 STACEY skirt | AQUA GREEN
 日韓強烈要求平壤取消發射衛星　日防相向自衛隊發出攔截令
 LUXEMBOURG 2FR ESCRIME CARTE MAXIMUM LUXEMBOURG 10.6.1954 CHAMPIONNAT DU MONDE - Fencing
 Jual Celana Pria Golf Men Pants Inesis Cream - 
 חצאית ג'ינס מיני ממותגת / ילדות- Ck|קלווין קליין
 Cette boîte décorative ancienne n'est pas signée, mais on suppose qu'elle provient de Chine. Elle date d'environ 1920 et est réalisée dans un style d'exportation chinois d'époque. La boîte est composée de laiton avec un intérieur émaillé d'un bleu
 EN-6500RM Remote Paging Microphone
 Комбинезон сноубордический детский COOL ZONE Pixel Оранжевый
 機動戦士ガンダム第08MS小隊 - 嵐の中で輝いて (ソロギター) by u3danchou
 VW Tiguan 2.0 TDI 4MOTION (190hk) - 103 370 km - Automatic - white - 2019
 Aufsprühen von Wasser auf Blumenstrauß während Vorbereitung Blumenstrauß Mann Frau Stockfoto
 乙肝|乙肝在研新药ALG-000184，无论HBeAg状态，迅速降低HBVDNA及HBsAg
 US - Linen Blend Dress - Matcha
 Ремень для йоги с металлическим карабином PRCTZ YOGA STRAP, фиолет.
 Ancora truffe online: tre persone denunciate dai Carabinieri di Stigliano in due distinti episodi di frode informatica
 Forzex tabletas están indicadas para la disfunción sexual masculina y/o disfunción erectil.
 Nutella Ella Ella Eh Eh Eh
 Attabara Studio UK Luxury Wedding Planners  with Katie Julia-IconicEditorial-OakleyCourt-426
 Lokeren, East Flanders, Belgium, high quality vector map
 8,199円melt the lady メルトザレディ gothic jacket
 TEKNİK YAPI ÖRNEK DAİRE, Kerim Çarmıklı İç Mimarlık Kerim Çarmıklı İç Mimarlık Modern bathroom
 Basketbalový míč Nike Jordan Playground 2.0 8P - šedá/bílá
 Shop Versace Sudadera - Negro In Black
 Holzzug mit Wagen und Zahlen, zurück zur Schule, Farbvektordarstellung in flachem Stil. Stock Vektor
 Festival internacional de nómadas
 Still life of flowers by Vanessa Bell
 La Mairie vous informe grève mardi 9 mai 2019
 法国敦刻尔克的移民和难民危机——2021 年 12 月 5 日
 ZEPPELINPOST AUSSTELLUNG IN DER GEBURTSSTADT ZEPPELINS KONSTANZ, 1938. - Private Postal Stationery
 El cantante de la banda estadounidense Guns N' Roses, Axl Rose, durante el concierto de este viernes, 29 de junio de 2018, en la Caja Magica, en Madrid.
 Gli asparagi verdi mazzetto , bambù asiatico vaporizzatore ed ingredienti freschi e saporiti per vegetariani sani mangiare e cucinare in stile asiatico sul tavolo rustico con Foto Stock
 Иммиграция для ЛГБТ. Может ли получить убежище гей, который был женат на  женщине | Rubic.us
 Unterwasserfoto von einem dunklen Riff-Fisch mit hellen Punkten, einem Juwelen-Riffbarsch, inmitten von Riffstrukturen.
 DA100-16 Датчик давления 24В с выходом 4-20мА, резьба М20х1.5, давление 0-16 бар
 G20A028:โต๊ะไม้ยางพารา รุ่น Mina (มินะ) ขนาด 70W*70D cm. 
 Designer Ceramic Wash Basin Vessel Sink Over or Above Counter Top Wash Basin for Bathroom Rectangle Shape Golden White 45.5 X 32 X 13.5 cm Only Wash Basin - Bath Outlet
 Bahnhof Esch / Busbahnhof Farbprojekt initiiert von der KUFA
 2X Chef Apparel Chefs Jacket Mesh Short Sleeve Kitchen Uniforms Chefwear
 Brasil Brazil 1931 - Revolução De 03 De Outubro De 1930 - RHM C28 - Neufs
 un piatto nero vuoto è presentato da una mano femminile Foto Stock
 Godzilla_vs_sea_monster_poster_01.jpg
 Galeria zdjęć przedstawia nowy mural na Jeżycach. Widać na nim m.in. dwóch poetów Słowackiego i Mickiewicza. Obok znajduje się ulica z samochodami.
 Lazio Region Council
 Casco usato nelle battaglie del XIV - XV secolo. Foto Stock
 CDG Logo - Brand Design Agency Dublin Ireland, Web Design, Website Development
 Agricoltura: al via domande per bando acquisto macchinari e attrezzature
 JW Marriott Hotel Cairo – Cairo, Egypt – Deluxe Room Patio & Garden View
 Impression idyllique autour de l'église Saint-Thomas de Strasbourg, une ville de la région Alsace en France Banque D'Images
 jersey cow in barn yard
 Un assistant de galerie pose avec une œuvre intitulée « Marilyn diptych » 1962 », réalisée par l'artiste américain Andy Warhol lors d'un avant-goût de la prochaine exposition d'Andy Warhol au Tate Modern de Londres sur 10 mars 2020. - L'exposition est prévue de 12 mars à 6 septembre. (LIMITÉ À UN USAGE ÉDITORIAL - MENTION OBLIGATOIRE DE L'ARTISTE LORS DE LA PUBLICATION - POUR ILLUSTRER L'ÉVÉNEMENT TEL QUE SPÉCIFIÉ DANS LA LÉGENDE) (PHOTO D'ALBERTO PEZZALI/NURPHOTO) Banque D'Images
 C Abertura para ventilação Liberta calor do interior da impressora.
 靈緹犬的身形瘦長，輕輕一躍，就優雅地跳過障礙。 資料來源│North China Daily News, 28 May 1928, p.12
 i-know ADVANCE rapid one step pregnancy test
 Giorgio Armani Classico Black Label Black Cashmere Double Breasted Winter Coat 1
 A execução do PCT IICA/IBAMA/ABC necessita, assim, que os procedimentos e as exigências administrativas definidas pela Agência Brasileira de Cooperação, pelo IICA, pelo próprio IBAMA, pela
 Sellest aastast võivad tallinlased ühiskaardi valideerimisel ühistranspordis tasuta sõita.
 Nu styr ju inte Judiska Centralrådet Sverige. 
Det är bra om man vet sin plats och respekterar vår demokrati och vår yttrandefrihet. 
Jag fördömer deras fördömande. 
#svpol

++++++++++

WHAT YOU NEED TO DO
Your response should be the lines above from the first to the one containing "חצאית ג'ינס מיני", inclusive, each given exactly.

PROBLEM SOLUTION
 STACEY skirt | AQUA GREEN
 日韓強烈要求平壤取消發射衛星　日防相向自衛隊發出攔截令
 LUXEMBOURG 2FR ESCRIME CARTE MAXIMUM LUXEMBOURG 10.6.1954 CHAMPIONNAT DU MONDE - Fencing
 Jual Celana Pria Golf Men Pants Inesis Cream - 
 חצאית ג'ינס מיני ממותגת / ילדות- Ck|קלווין קליין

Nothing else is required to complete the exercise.